**Work instruction:** Starting at the line that contains "Forget the glass", reproduce only the lines through the end of the data, exactly, including both the first and the last; skip the pictures.

**Raw data:**
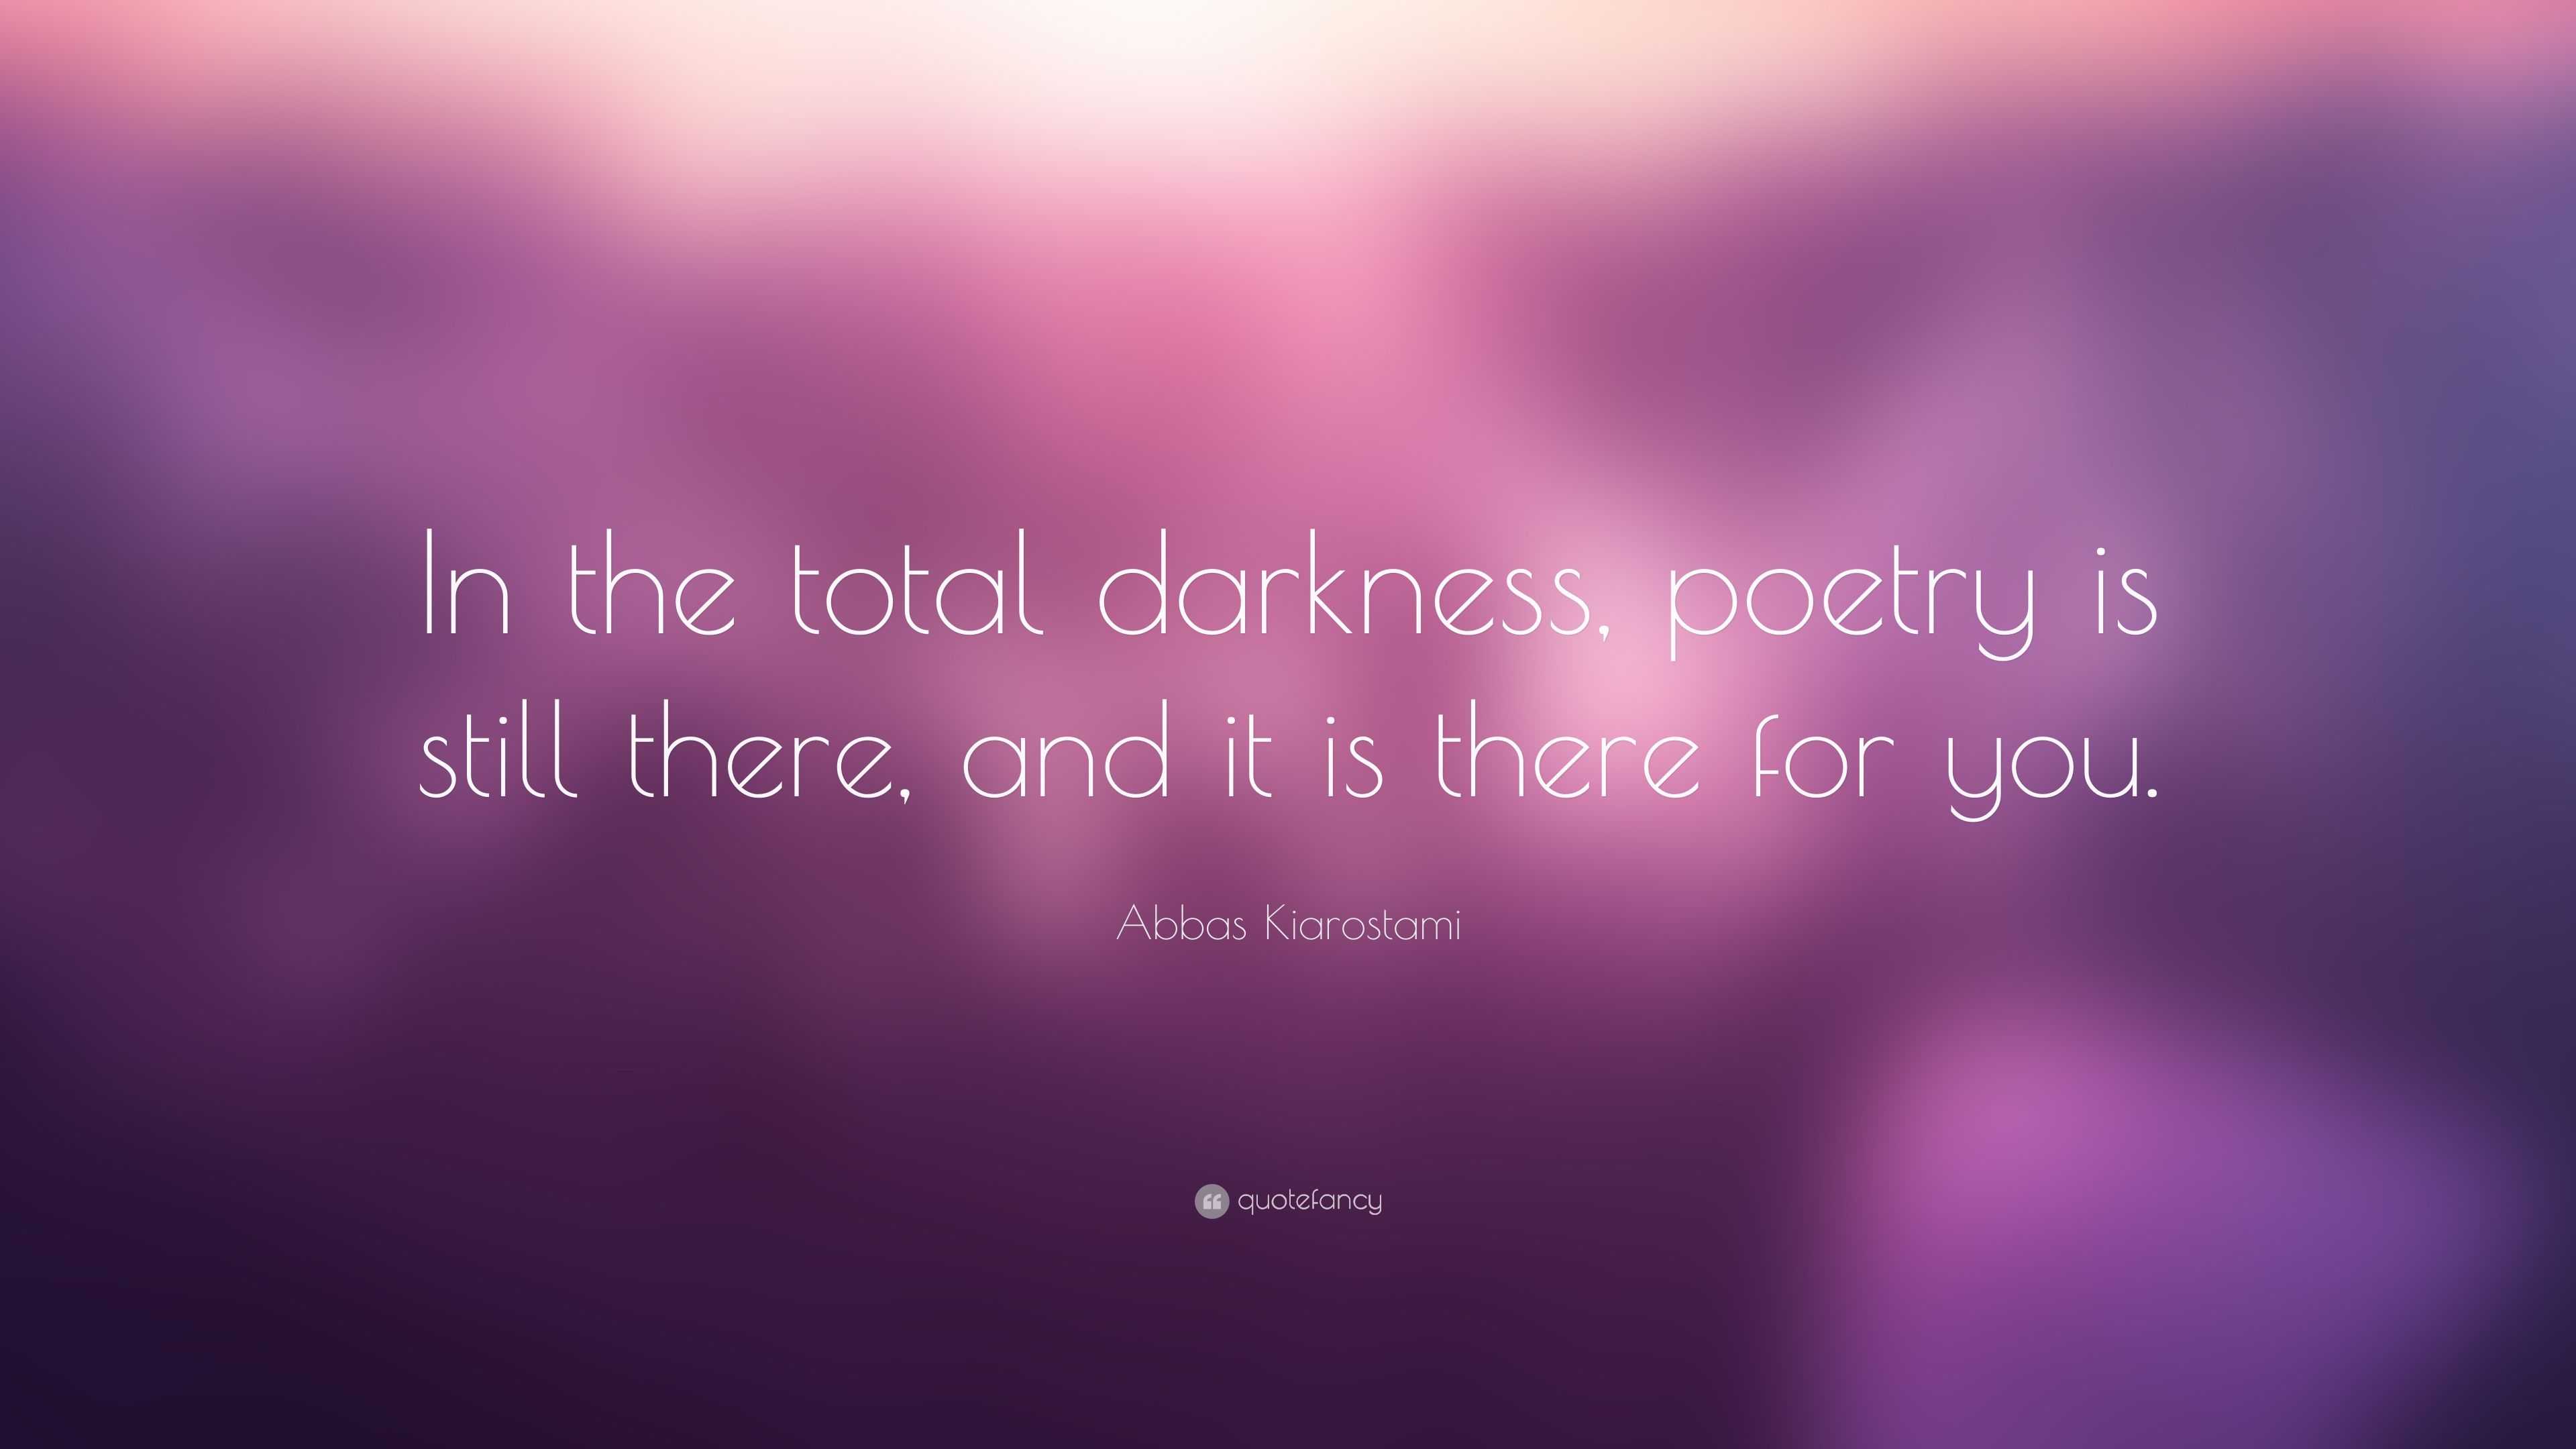 Abbas Kiarostami Quote: “In the total darkness, poetry is still there ...
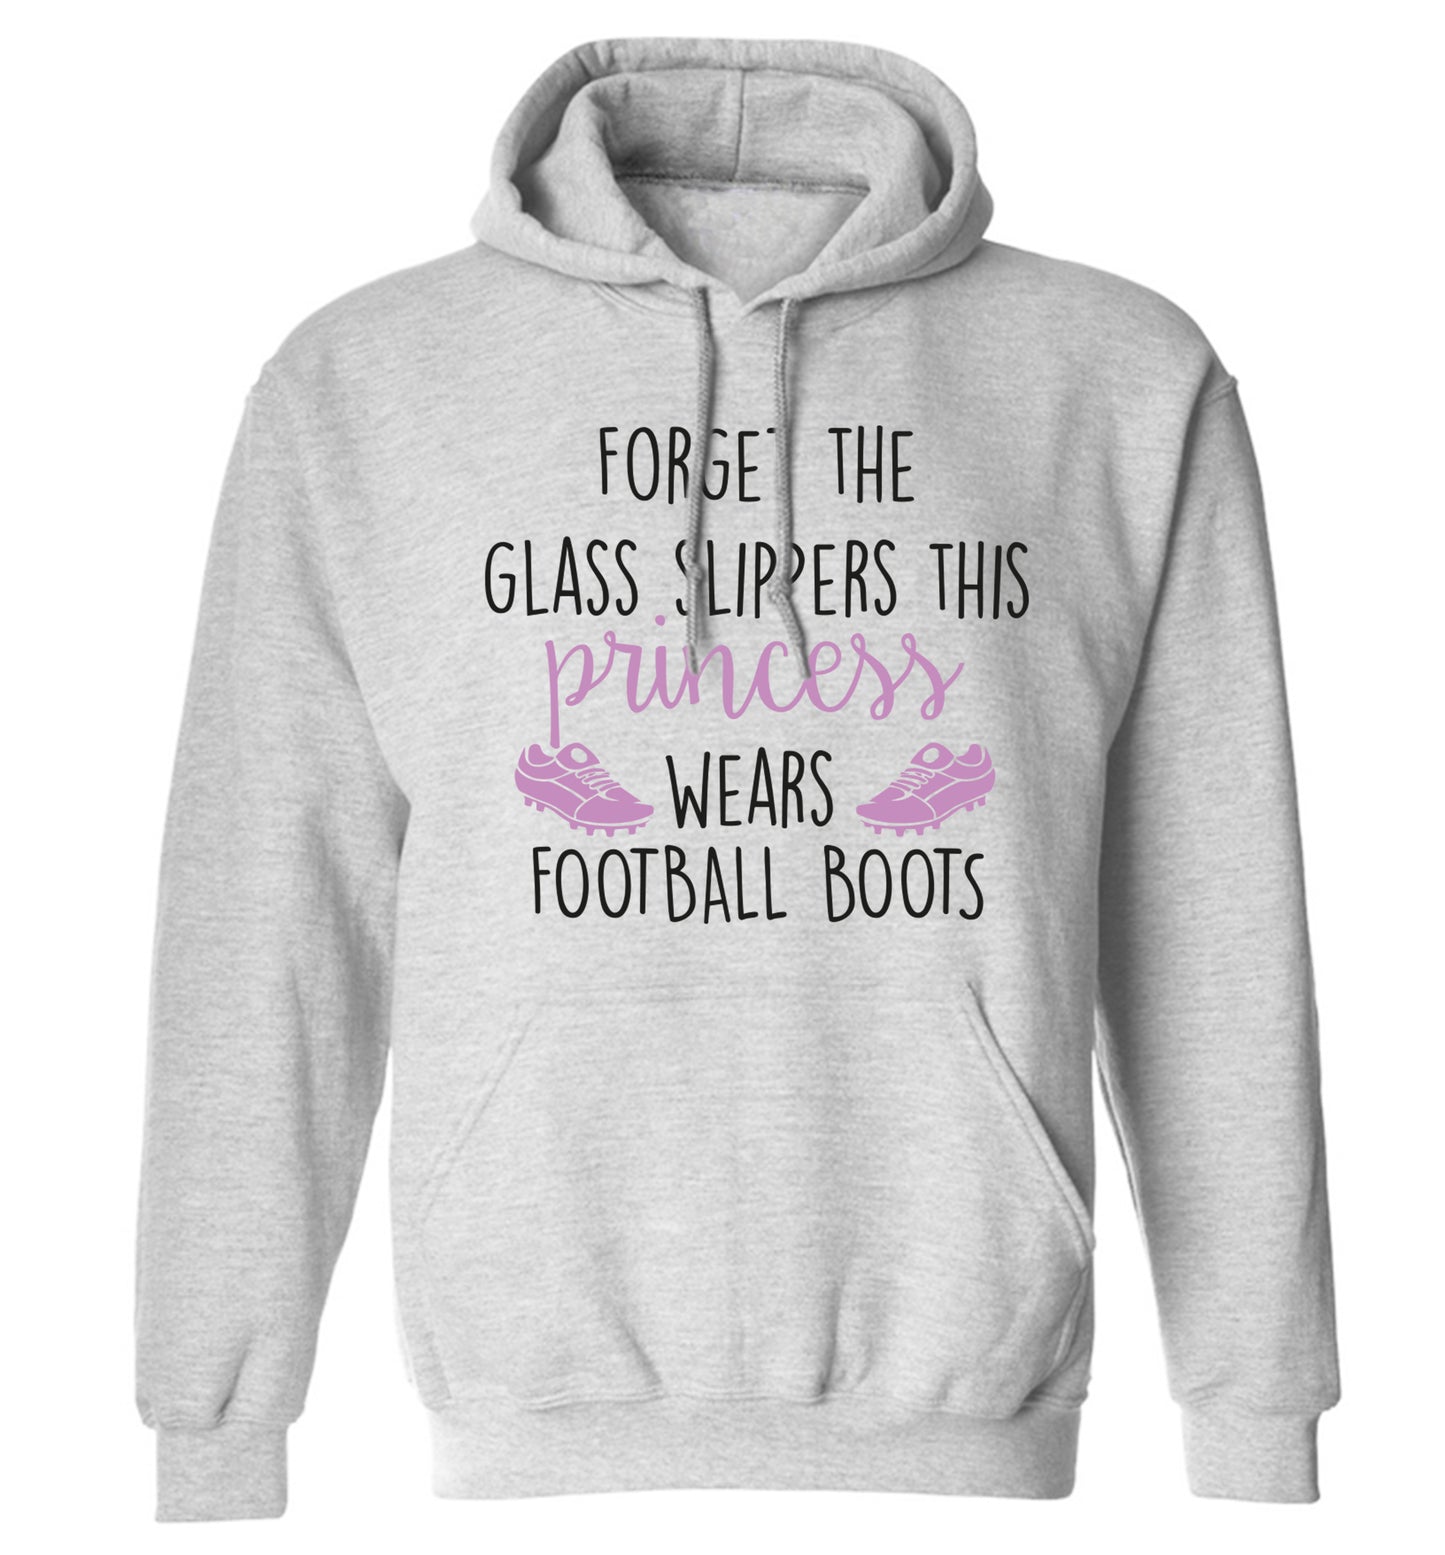 Forget the glass slippers this princess wears football boots adults unisex grey hoodie 2XL
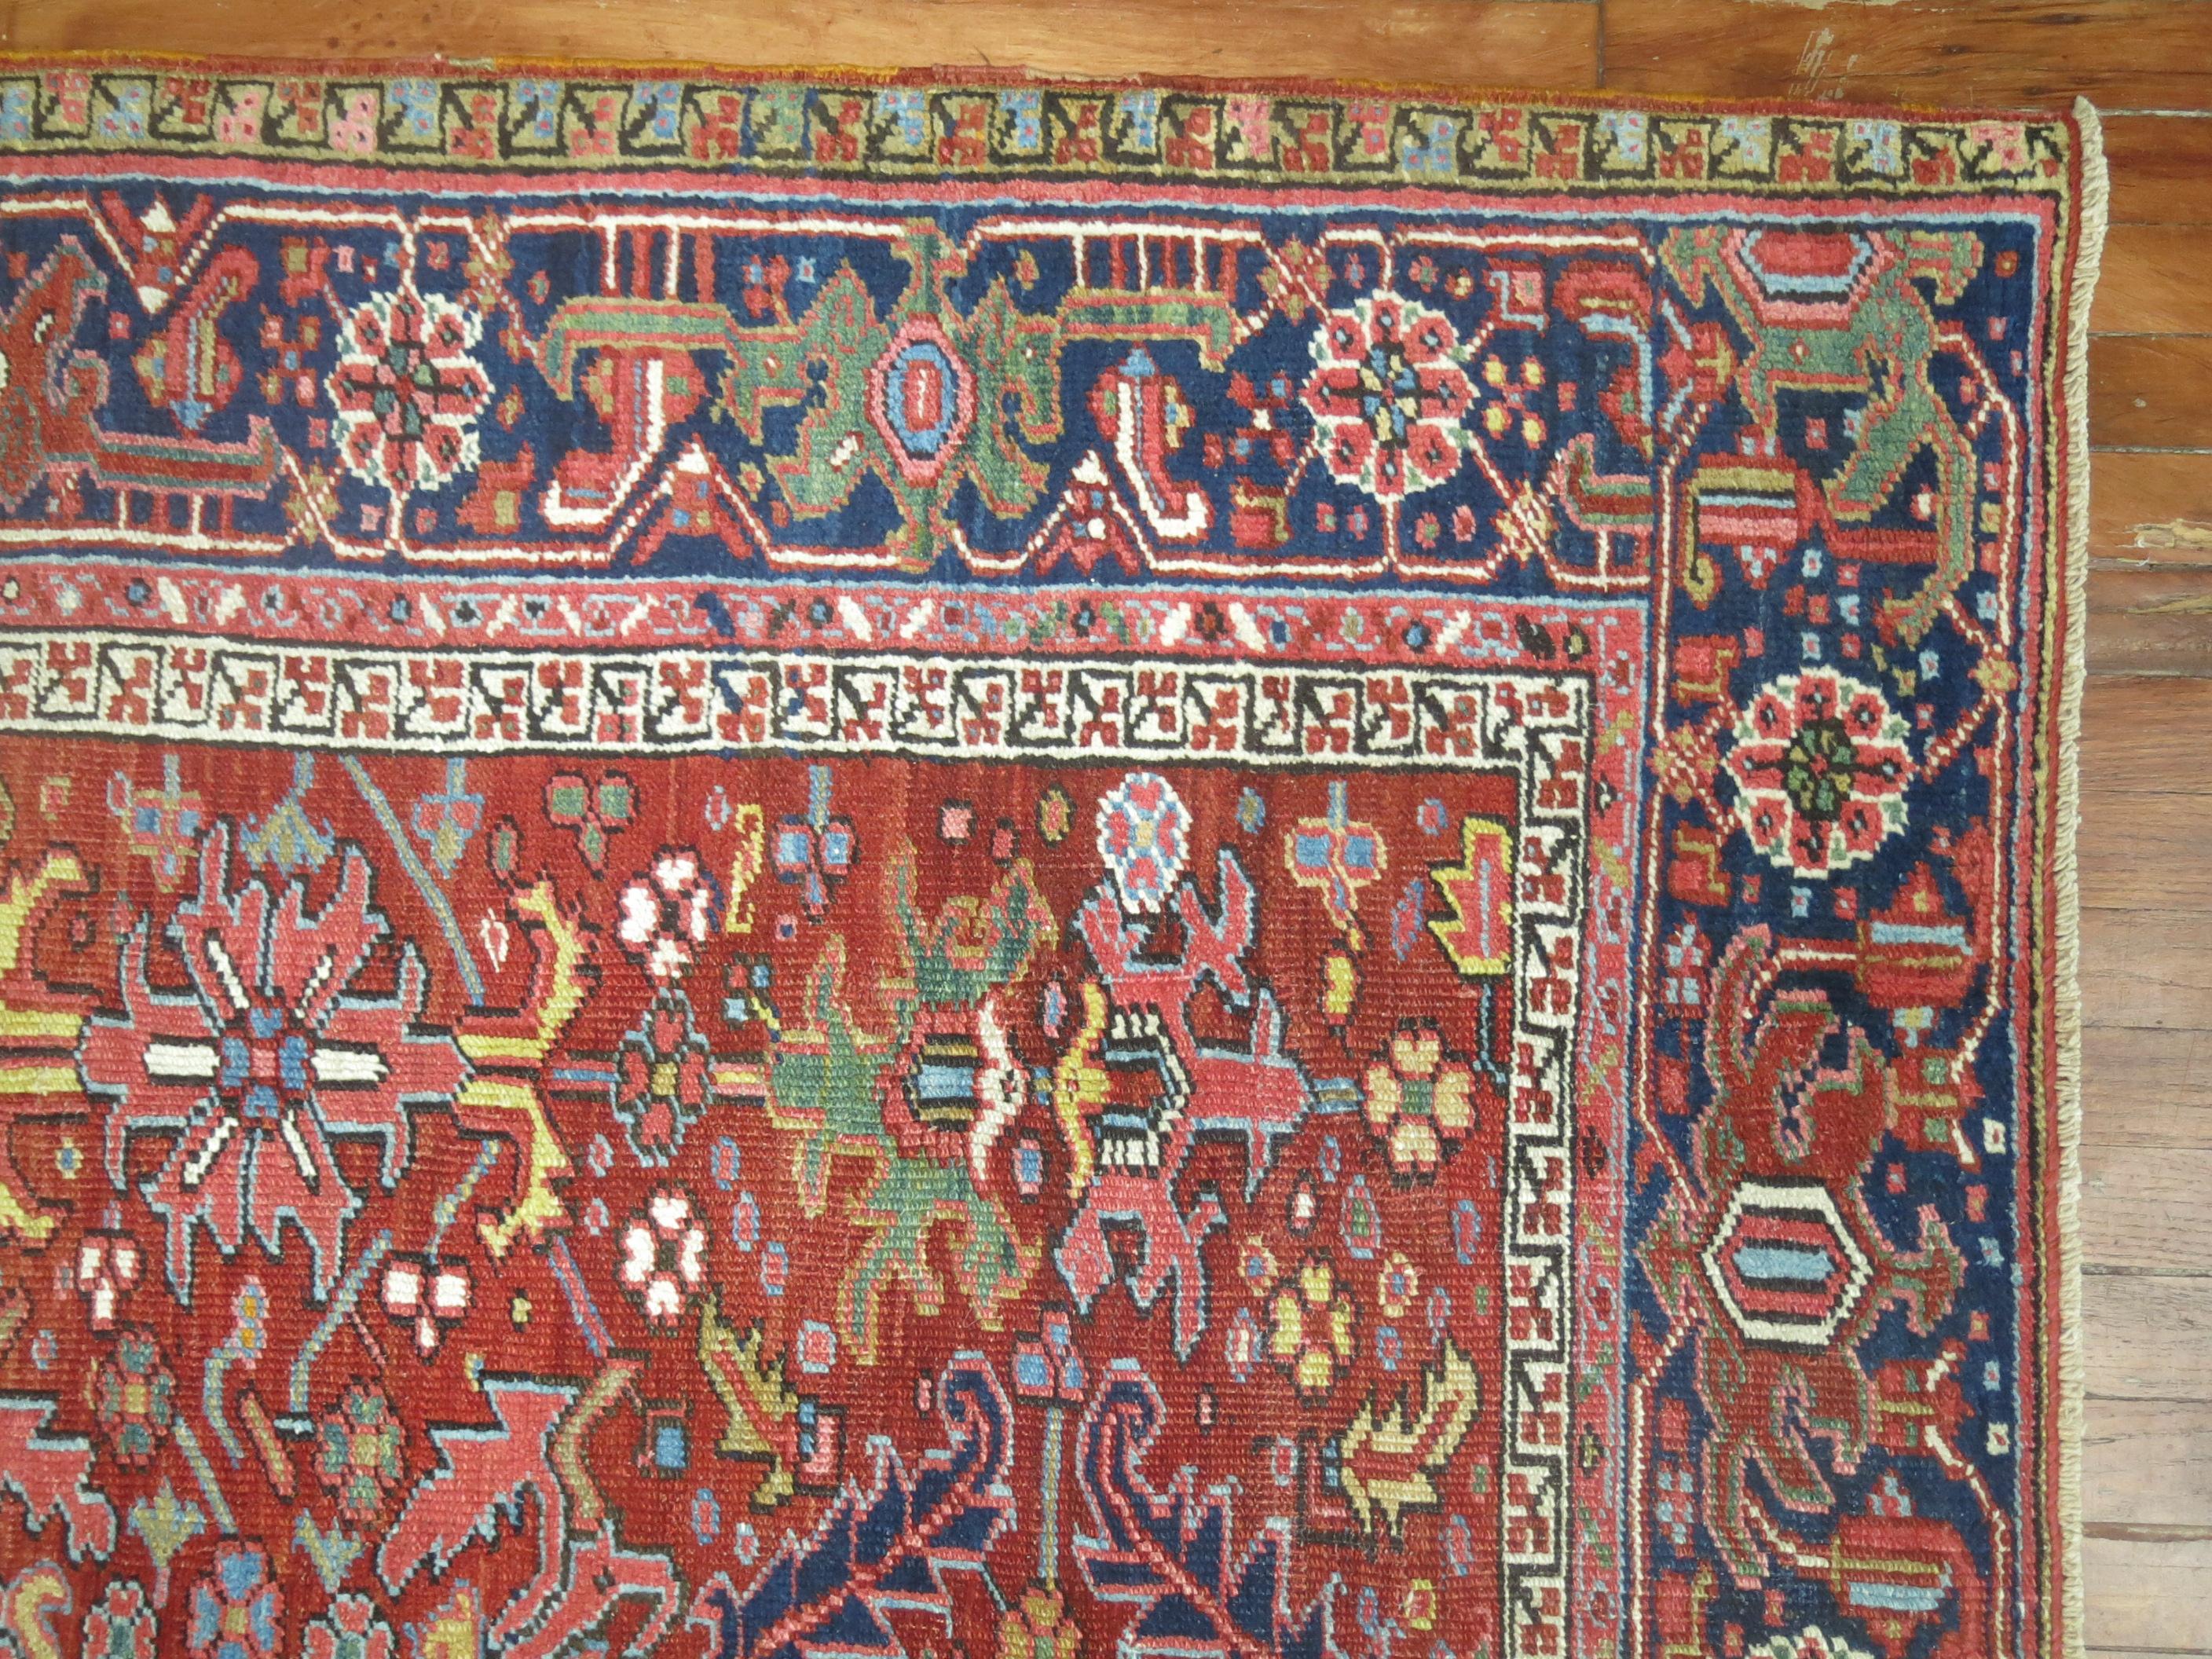 An early 20th century Persian Heriz room size colorful rug.

Measures: 7'4'' x 10'6''.

**Solution:**
 Forget the glass slippers this princess wears football boots adults unisex grey hoodie 2XL
 An early 20th century Persian Heriz room size colorful rug.

Measures: 7'4'' x 10'6''.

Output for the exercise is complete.